Cuando  la fiesta terminó Carmen entró a su habitación. Llevaba sobre los hombros un precioso chal de seda.

-Mira lo que me ha regalado. El regalo es de la familia, pero yo sé que lo ha elegido él –se pasó las manos por el chal acariciándolo-. Es como si me dijera esa seda son mis manos. ¿A qué es un encanto? –asintió divertida y algo escandalizada-.  Cada vez que me mira es que me derrito -se pasó la lengua por los labios. «Cuando clava mi moreno sus ojazos en los míos/ tó mi cuerpo me se enciende/ y se me pierde el sentido…» . Desde luego Carmen había perdido el sentido-.  Cuando bailó con él, cuando me coge en sus brazos…esa noche no puedo dormir. La última vez hasta tuve que quitarme el camisón porque…

-¡Carmen!

Pero Carmen no calló, siguió hablando durante horas de su Enrique porque estaba segura de que ese verano él le pediría que fuera su novia. Ella la escuchaba, nunca había escuchado que nadie hablara como lo estaba haciendo Carmen.

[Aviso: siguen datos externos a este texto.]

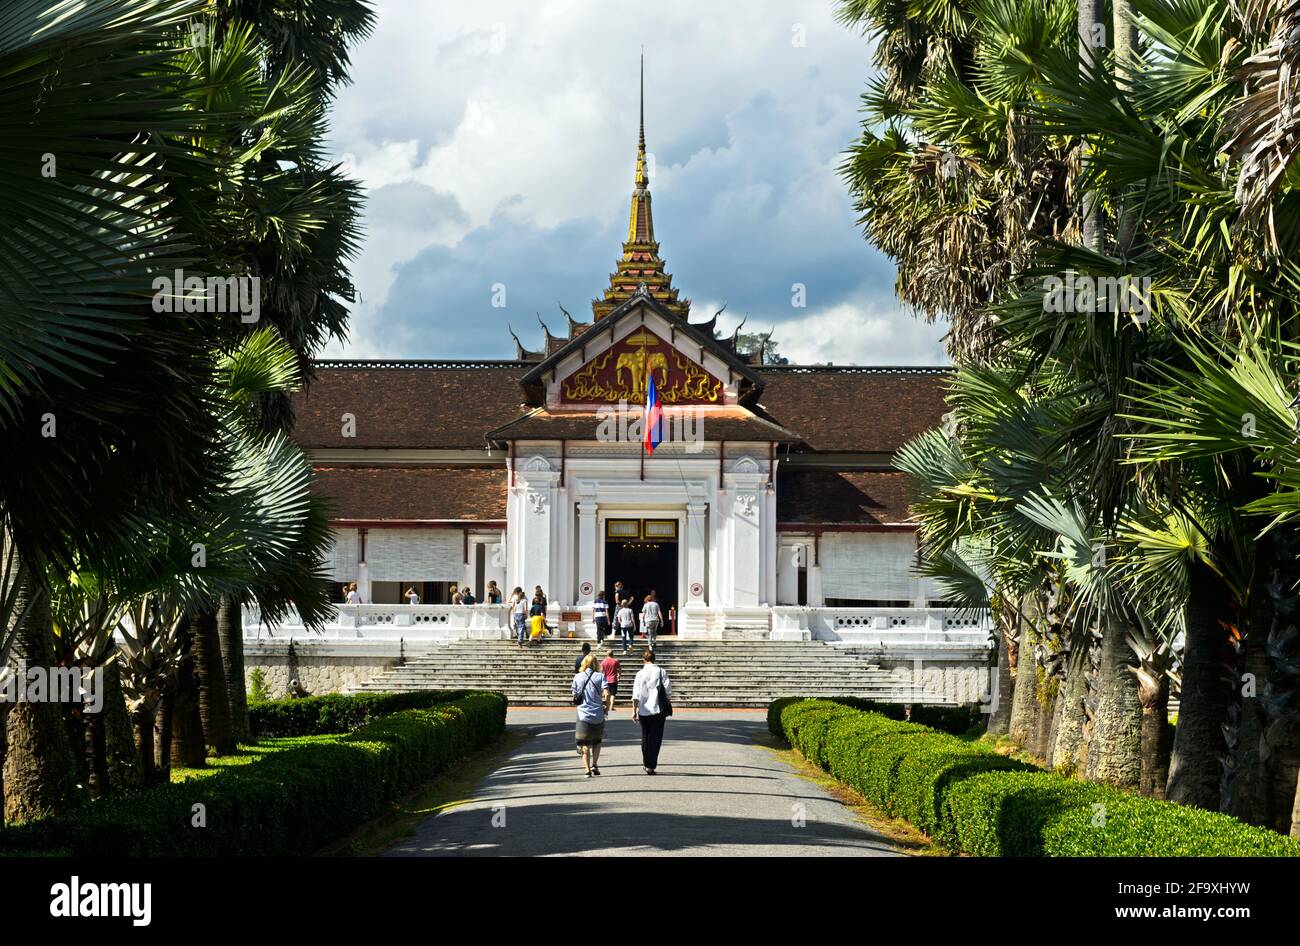 Royal Palace Museum, Luang Prabang, Laos Stock Photo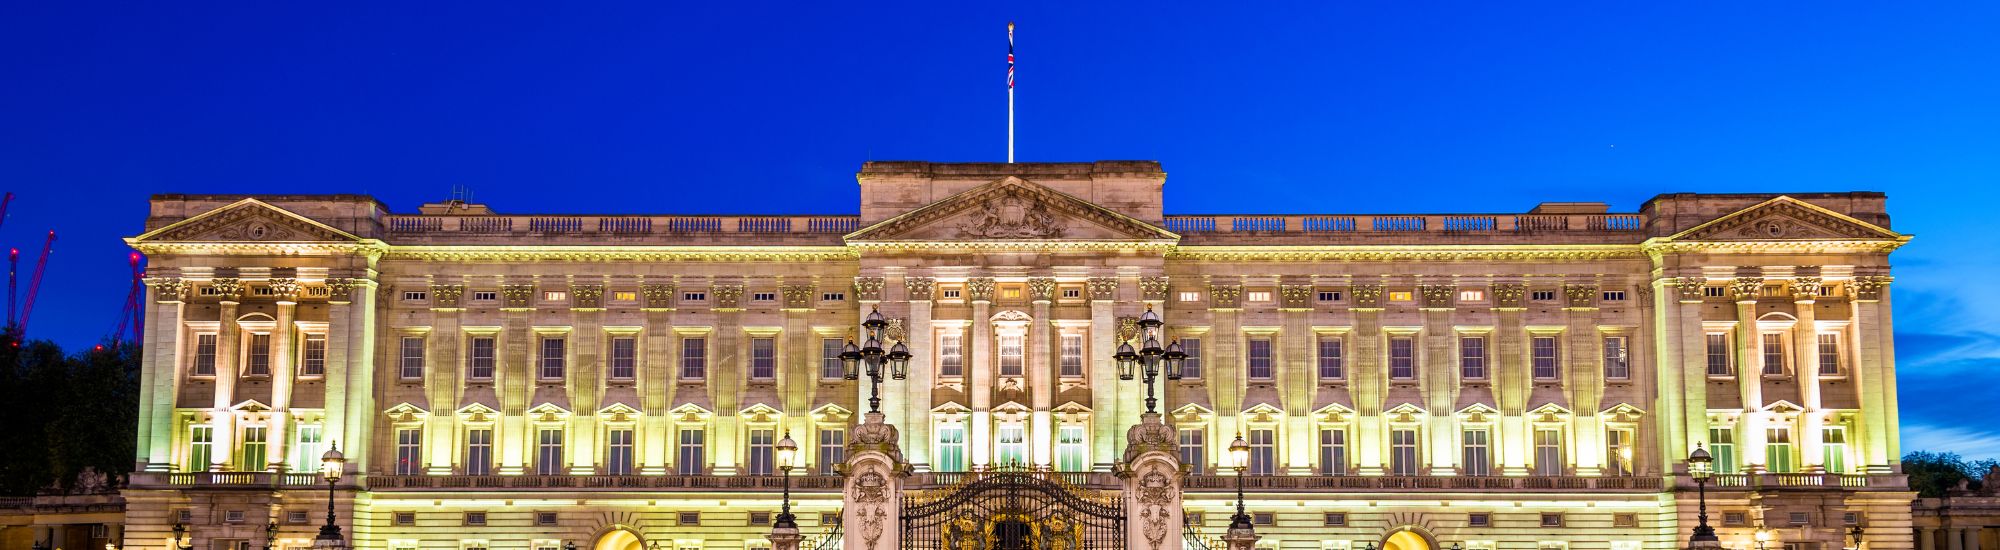 tourhub | Just Go Holidays | London & Buckingham Palace

Cuando su amiga se marchó era ya muy tarde, sin embargo no tenía sueño. Se sentía excitada. ¿Sentiría ella alguna vez algo parecido a lo que sentía Carmen por ese Enrique Álvarez? Se asomó a la ventana. Allí estaba la Osa Mayor. Trazó con  el dedo la línea en que se encontraba la Polar.  Sonrió, siempre en el mismo sitio. Quizá en medio del Atlántico un marinero también la mirara, al mismo tiempo que ella. Tal vez estaría apoyado en la borda, como ella estaba apoyada en la ventana. ¿Qué significaría que dos personas en el mismo instante estuvieran mirando al mismo punto? Ese marino sería el hombre del que ella se enamoraría. No un abogado, ni un ingeniero, un marino. Ella quería que su novio y luego su marido fuera un marino, un capitán de barco que hubiera conocido todos los mares, todos los puertos, todas las mujeres y que al verla a ella cayera rendido a sus pies. Y mientras él navegaba, ella tocaría el piano acordándose de él, luego cuando se volvieran a encontrar se olvidarían de la mar y de la música y solo existirían ellos dos y el silencio. Su luz, la luz de la Polar, que ellos veían juntos, se había producido hacía miles o millones  de años. Ella se enamoraría de él nada más verle. Notó un escalofrío, la infinitud del Universo parecía tragársela. Cerró los ojos. ¡Ojalá llegara a sentir lo mismo que Carmen por un hombre! Solo tenía que encontrar  al hombre que había estado mirando a la Polar el dieciséis de julio de mil novecientos treinta. De una cosa estaba segura: ese hombre no era Pepe Díaz del Val. Sintió un escalofrío al recordar las palabras de Carmen ¿Qué estaría haciendo? Notó que las mejillas le ardían ¿Qué estaría pensando o sintiendo Enrique Álvarez? Seguramente estaría dormido. Se tumbó en la cama sin dejar de mirar al cielo y a sus estrellas. Cuando cerró los ojos empezaba a amanecer.  ¿Había tenido Luis la mirada fija en la polar ese dieciséis de julio sobre las tres de la madrugada? Nunca se lo había preguntado.